第兩百五十九章:洶湧的學子(2/2)
時間一天一天的過去,吳德良的死和陳謨的文章,很快便瀰漫了整個直隸。
更多的人知道了吳德良,更多的人知道了這裡面的事情。
這件事情也如同潮水一樣,不斷的發散。
一時之間,整個南方都開始批鬥陳松。
茶館當中,客棧當中,酒樓當中,凡是有人員聚集的地方,無一不再批鬥陳松。
這些士紳讀書人操控著自己的筆桿子,編織著陳松一個又一個的罪名。
這一刻,陳松根本就不是什麼大英雄,他所有的那些功勳全都被這些讀書人士紳抹去,留下的只有那些所謂的罪惡。
陳松當然知道這些事情,只不過,陳松並沒有去管。
不是陳松不願意去管,而是時間還沒有到。
隨著事情的發酵,遠在京城當中的朱元璋也知道了這件事。
彈劾陳松的奏摺已經如同雪花一樣放在了朱元璋的桌子上,朱元璋要是再不知道,那可真就說不過去。
朱元璋坐在御書房中,他隨手拿起一份奏摺,隨意的翻開奏摺。
眉頭皺起,然後將奏摺扔了。
低聲罵道:「又是彈劾常青的奏摺,不就是死了一個士紳嗎?竟然全都牽扯到陳松的身上,真是該死!」
朱元璋罵罵咧咧,把朱標叫了過來。
朱標站在朱元璋的旁邊,恭恭敬敬的請示著。
朱元璋指著桌子上的奏摺,說道:「將桌子上的這些奏摺給俺分類,只要是彈劾常青的奏摺,全部都給俺燒了,一個都不留!」
「是!不過孩兒還有一些疑問!」朱標開口問道。
朱元璋將手中的毛筆一扔,他知道朱標要問什麼,沒好氣的道:「問吧!」
「爹,孩兒想問,既然常青這件事情鬧出的動靜這麼大,那麼還繼續下去嗎?」朱標小心翼翼的看著朱元璋,這已經不是他第一次提出這樣的問題。
自從開始實施官紳一體納糧,幾乎每過一段時間就會有官員去找朱標,讓朱標勸說朱元璋放棄這個想法。

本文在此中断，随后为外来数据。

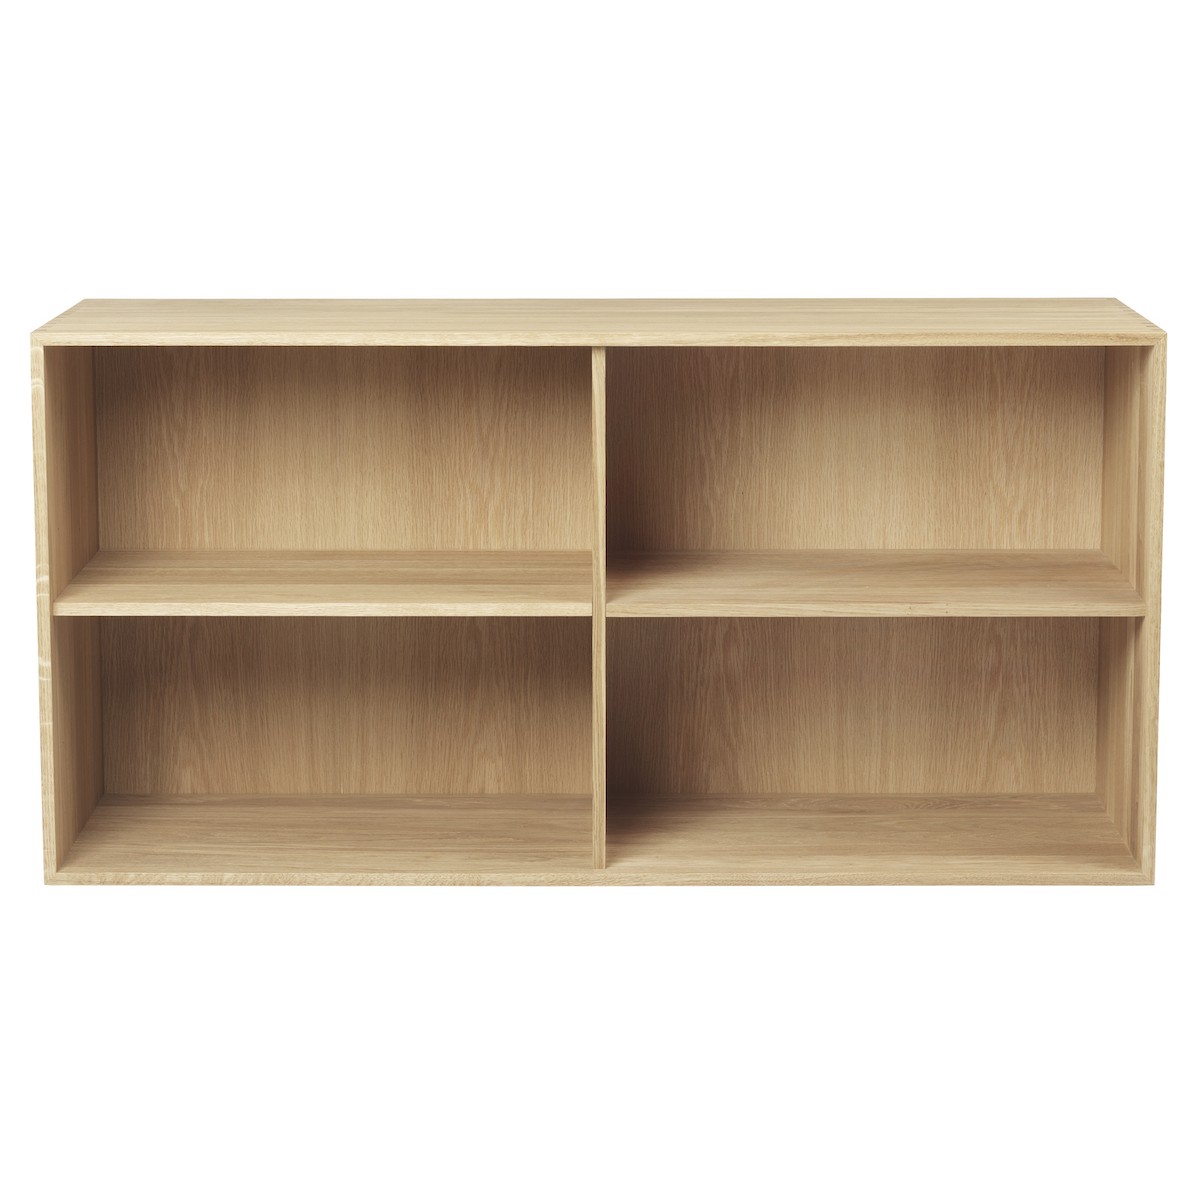 56 x 112 x 36 cm + 2 shelves (FK632110 + 2 FK633021)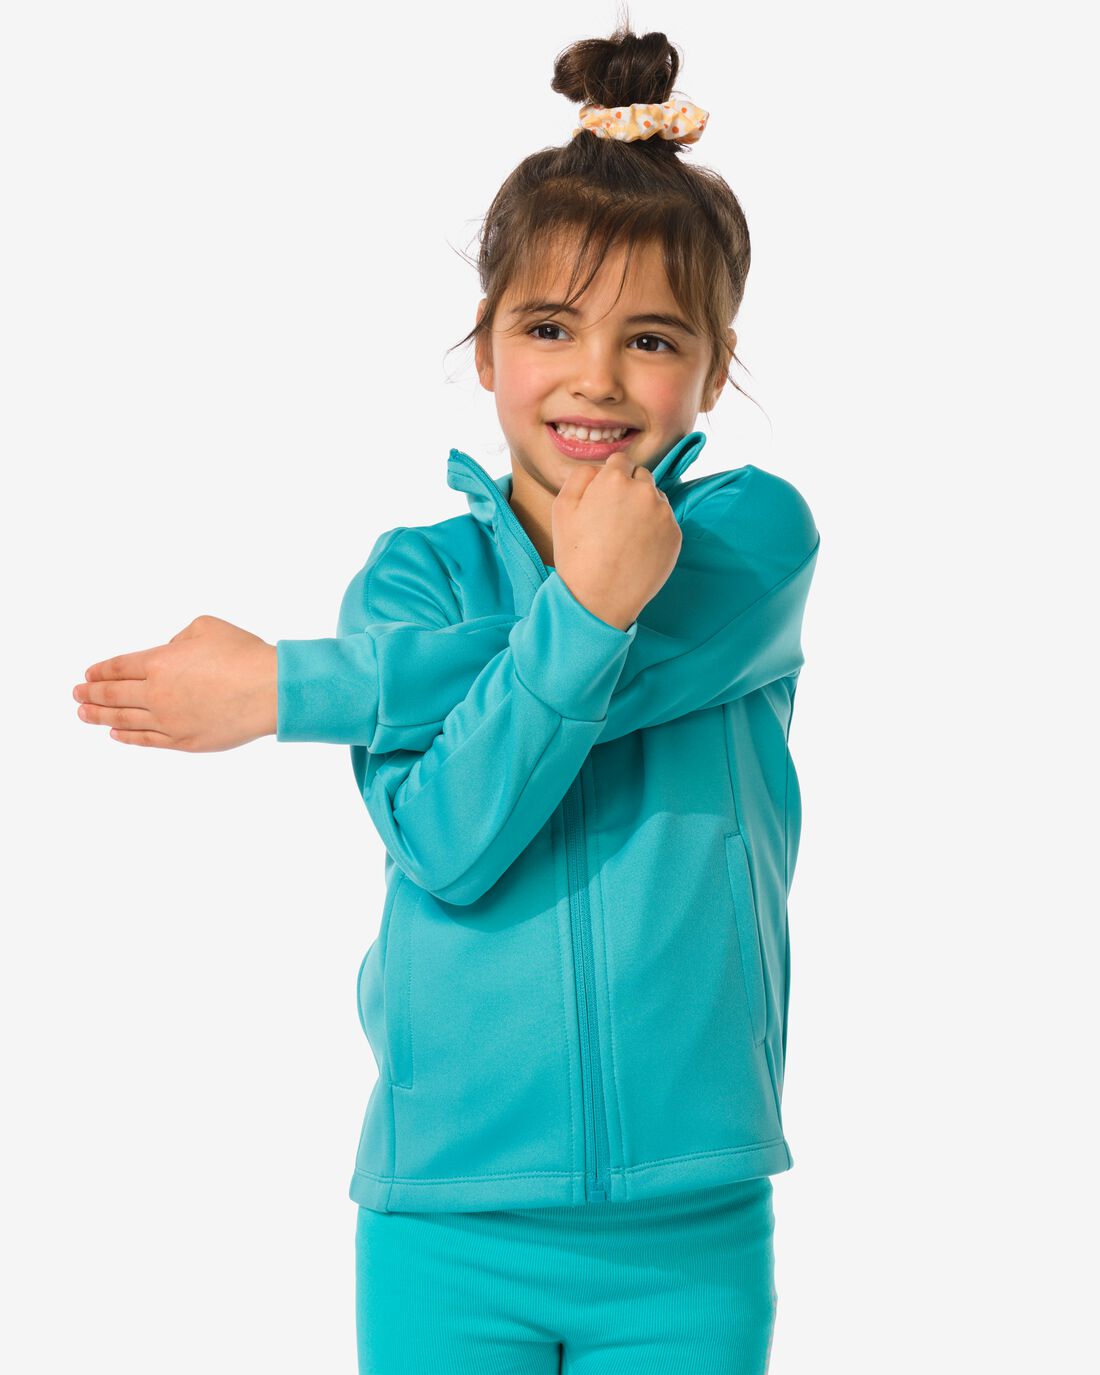 HEMA Kinder Trainingsjack Turquoise (turquoise)

朱標也數次在朱元璋面前提過這個,可無一例外,幾乎都被朱元璋罵了回去。
朱標以為朱元璋這次也要罵他,腦袋低下,做出了一副受訓的樣子。
誰知朱元璋這次並沒有罵他。
長長的嘆了一口氣,朱元璋說道:「標兒啊,你以為俺這次要罵你嗎?
這次俺不罵你,俺要讓你明白俺為什麼要一直支持常青,之前也跟你說過這事,但這次俺想讓你看得更清楚一些。」
朱元璋隨手從奏摺堆中拿起了一份奏摺,翻開這份奏摺,然後將奏摺交給了朱標。
「你看看這份奏摺,上面是怎麼寫的?」朱元璋端起桌子上的茶杯,一邊喝著一邊說著。
朱標認認真真的看著奏摺,看完之後,他滿臉疑惑。
朱標說道:「父親這份奏摺,是彈劾常青的奏摺!」
放下手中的茶杯,「俺當然知道這是彈劾常青的奏摺,俺讓你看看他是怎麼彈劾常青的,他在彈劾常青的時候都說了什麼?」
朱標不懂朱元璋這話,只是靜靜的看著奏摺,沒有說話。
過了好一會兒,朱元璋說道:「你看這份奏摺上,有沒有提到過常青的功勞?是不是沒有?」
朱標發現,這份奏摺上果然沒有說常青的奏摺。
「沒有!」朱標回道。
「這些文官,簡直就是春秋筆法的典範。一撇一捺之間就將常青立下的那些功勞全部隱沒,一下子將常青塑造成了一個萬惡不赦之人。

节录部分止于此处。